A conversa entre pai e filho era tensa, carregada de subentendidos. Armando sabia dos desentendimentos entre Leonardo e Clara, mas também sabia do potencial do casamento deles para os negócios. Ele queria ter certeza de que Leonardo estava mantendo o controle.

"Eu estou cuidando de tudo, pai", Leonardo respondeu, a voz firme. "Clara não será um problema."

Mas enquanto falava, Leonardo sentiu um peso em seu peito. A ideia de Clara como uma mera peça em um jogo o incomodava cada vez mais. Ele se lembrava do beijo na chuva, da doçura em seus olhos, da força que ela demonstrava. Ele não queria mais machucá-la.

Mais tarde naquele dia, Clara decidiu explorar os jardins da mansão, buscando um pouco de paz. Ela caminhava entre as roseiras perfumadas, a mente divagando, quando ouviu vozes vindas de um recanto isolado, perto de um lago. Curiosa, ela se aproximou cautelosamente. Escondida atrás de uma sebe florida, viu Armando e Dona Aurora conversando, a voz dela embargada.
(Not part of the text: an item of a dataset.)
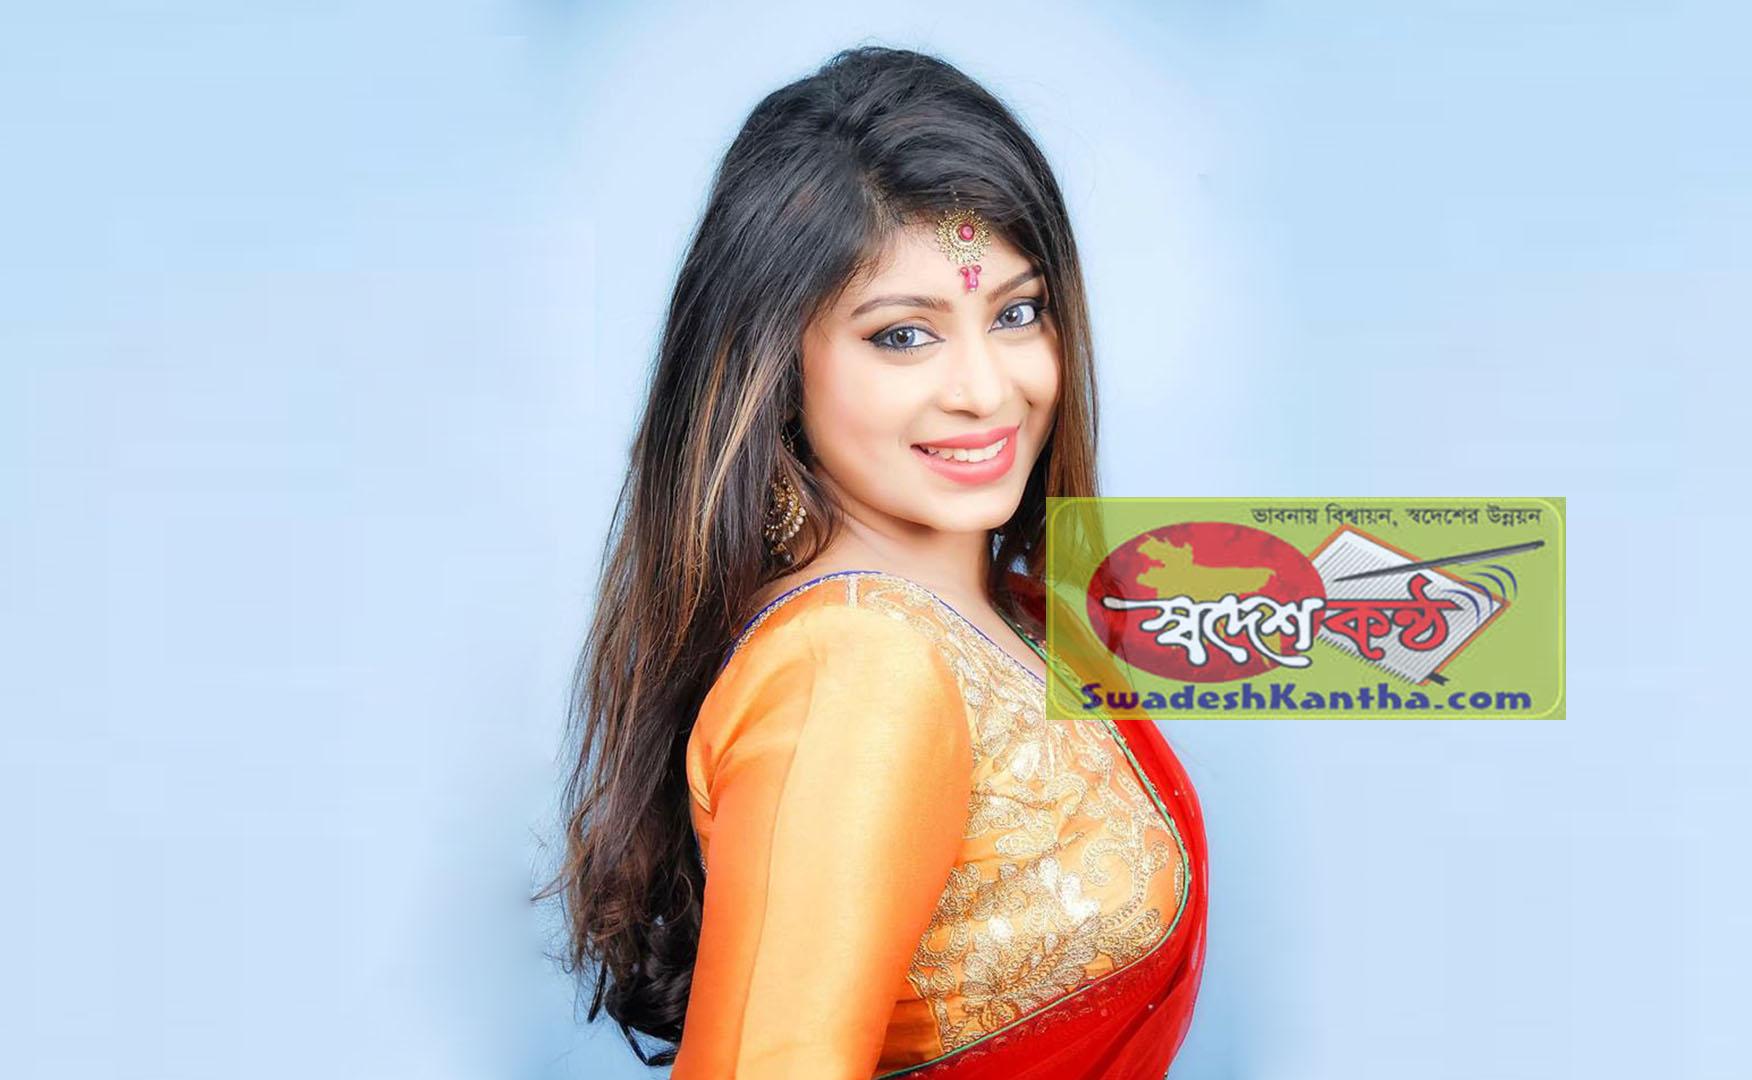 misty jannat-swadeshkantha
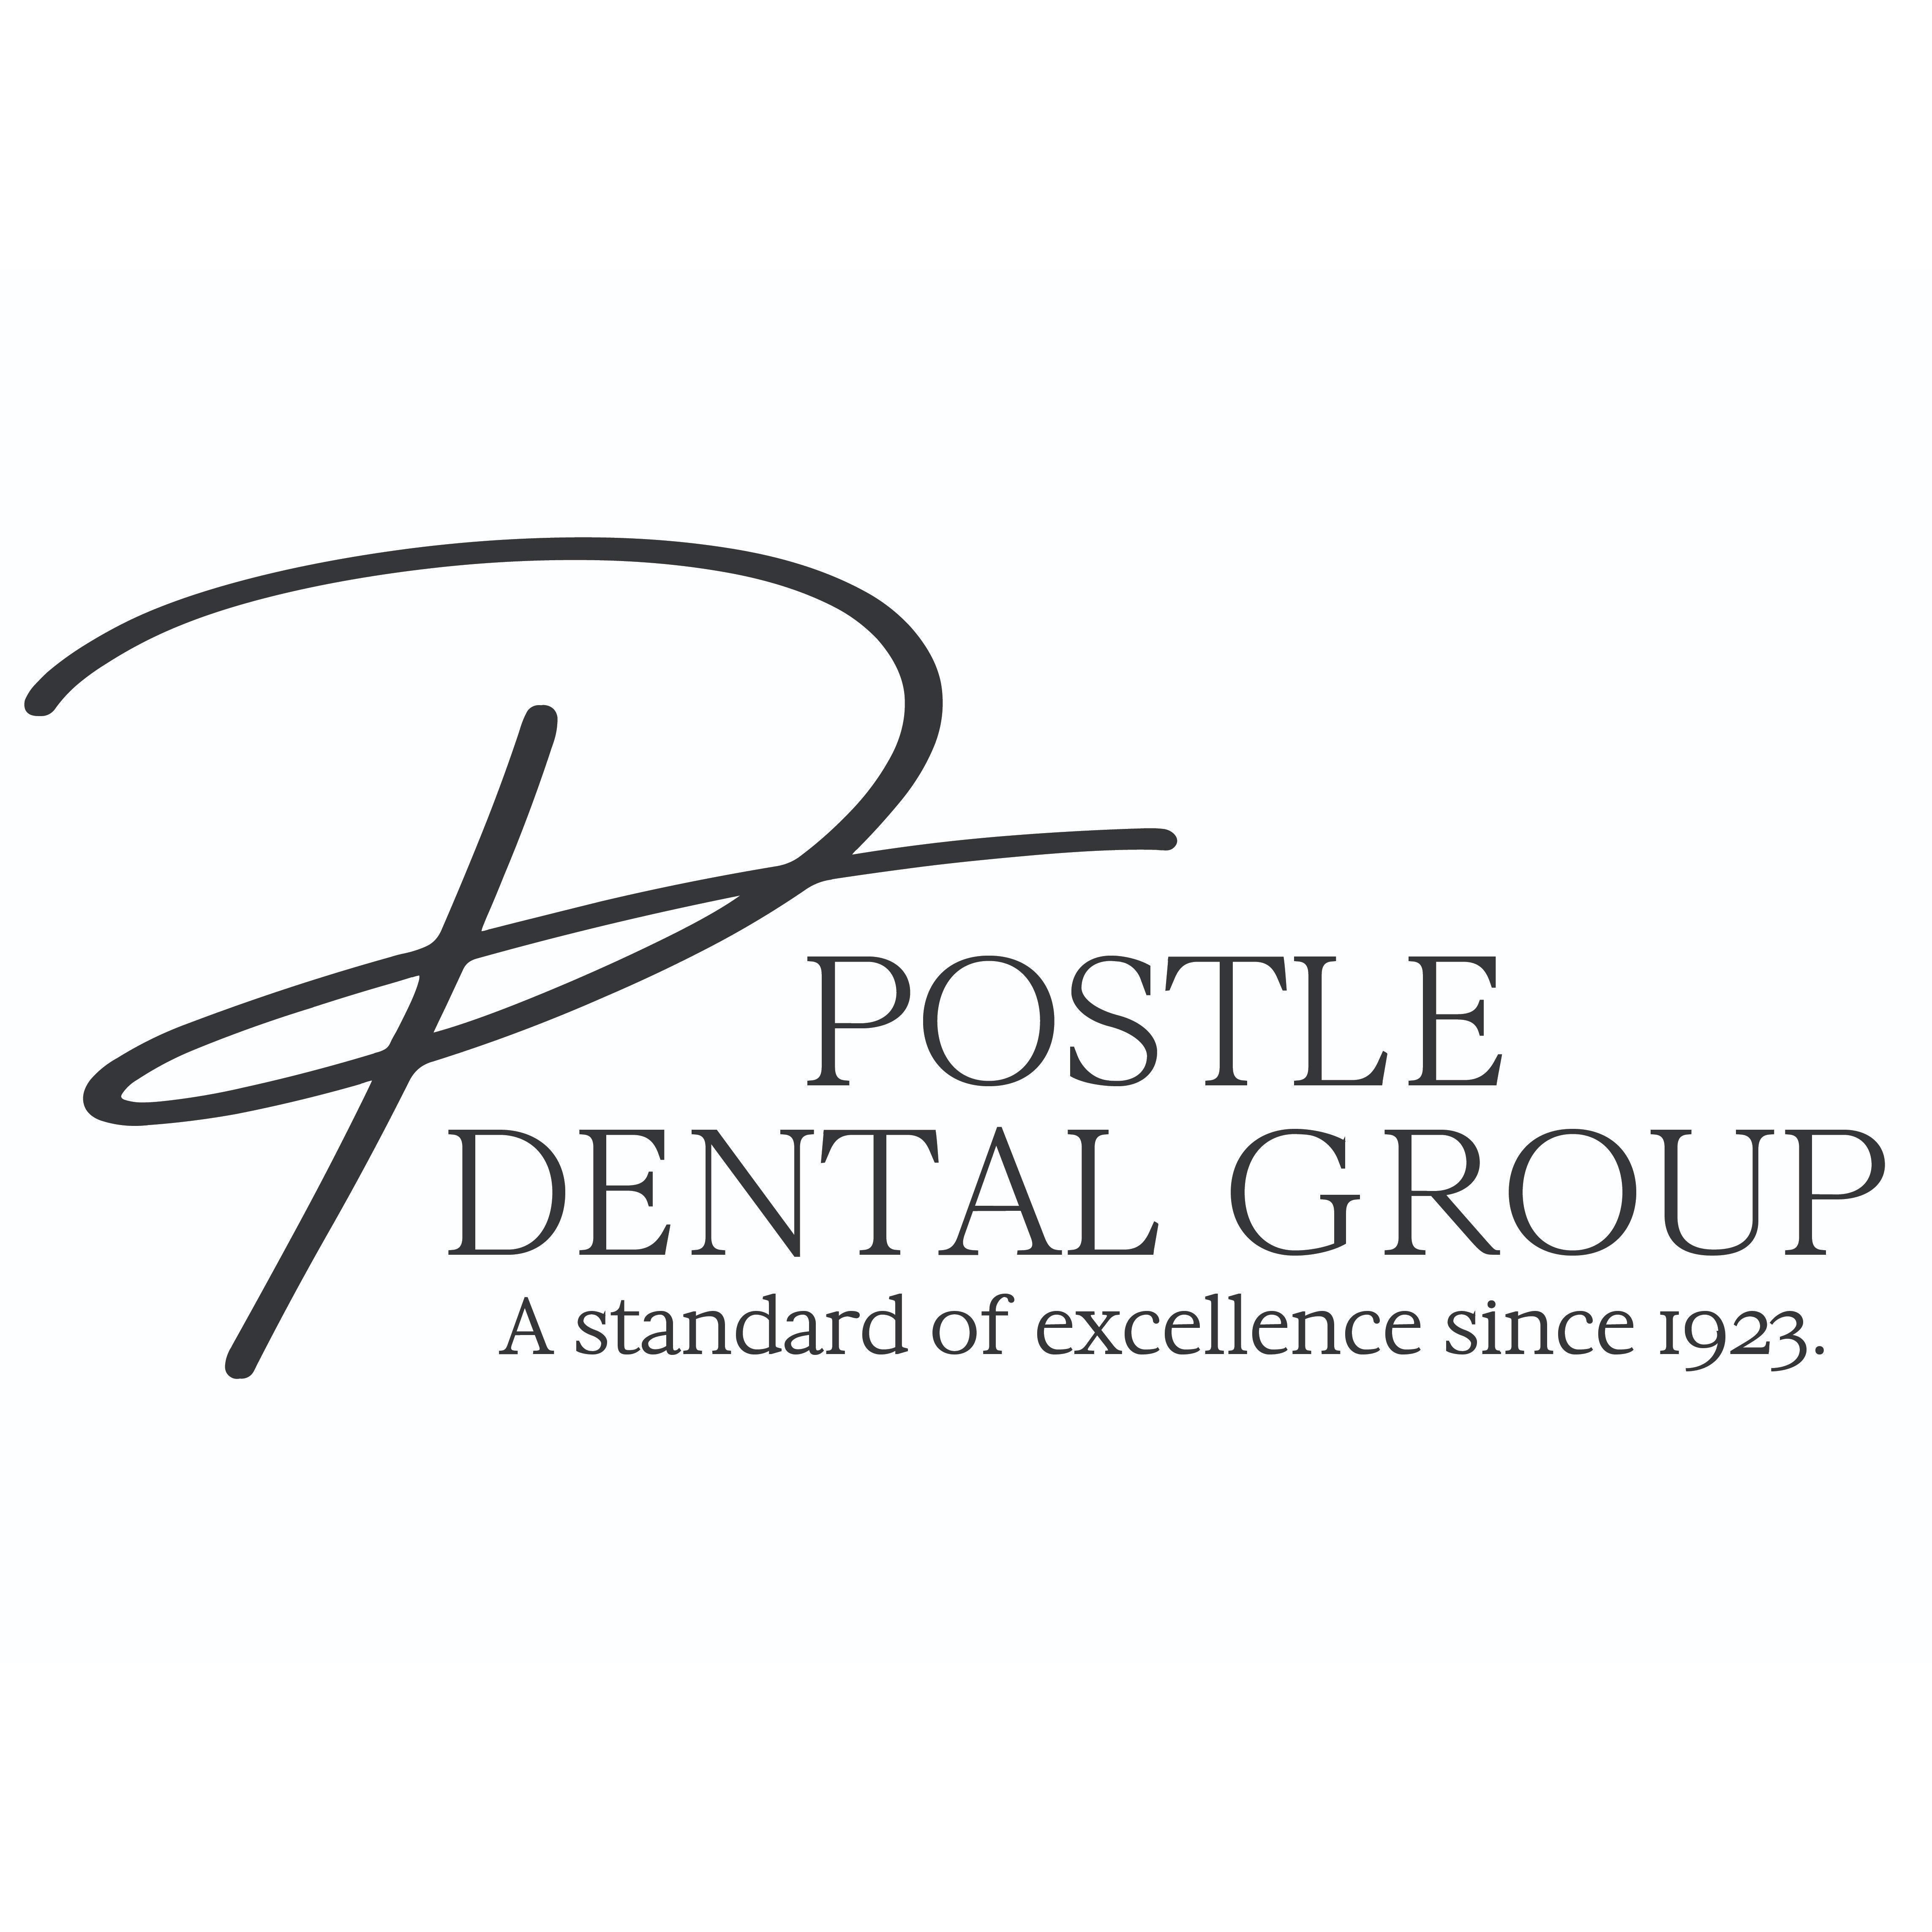 Postle Dental Group

"Armando, eu não aguento mais viver com essa mentira!", Dona Aurora dizia, as lágrimas escorrendo pelo rosto. "O que você fez… foi cruel. Você destruiu a família do meu irmão por causa de dinheiro!"

Armando a repreendeu em voz baixa. "Tenha cuidado com o que diz, Aurora. O passado deve permanecer enterrado. E o que eu fiz foi necessário para garantir o futuro desta família. O dinheiro é o que nos mantém de pé."

"Dinheiro não vale mais que a felicidade!", ela soluçou. "Você tirou tudo de Clara, Armando! Você tirou os pais dela, a empresa deles… e agora a força a se casar com o seu filho para cobrir seus próprios rastros!"

Clara ouviu as palavras de Dona Aurora com o coração disparado. As peças começaram a se encaixar de forma aterrorizante. A emboscada, o casamento forçado, o interesse de Armando em seu controle… tudo parecia ter uma origem sombria. Ela percebeu que o homem que a obrigara a se casar com Leonardo, o homem que a ameaçara, era o mesmo homem que destruíra a família de sua mãe. O passado, que ela acreditava esquecido, estava ali, queimando em chamas diante dela. Clara sentiu um misto de raiva e desespero. Ela não era apenas uma noiva relutante, era uma vítima de uma vingança antiga, de um crime que a afetava diretamente. E Leonardo, o homem que ela beijara na chuva, era filho do homem que a havia destruído.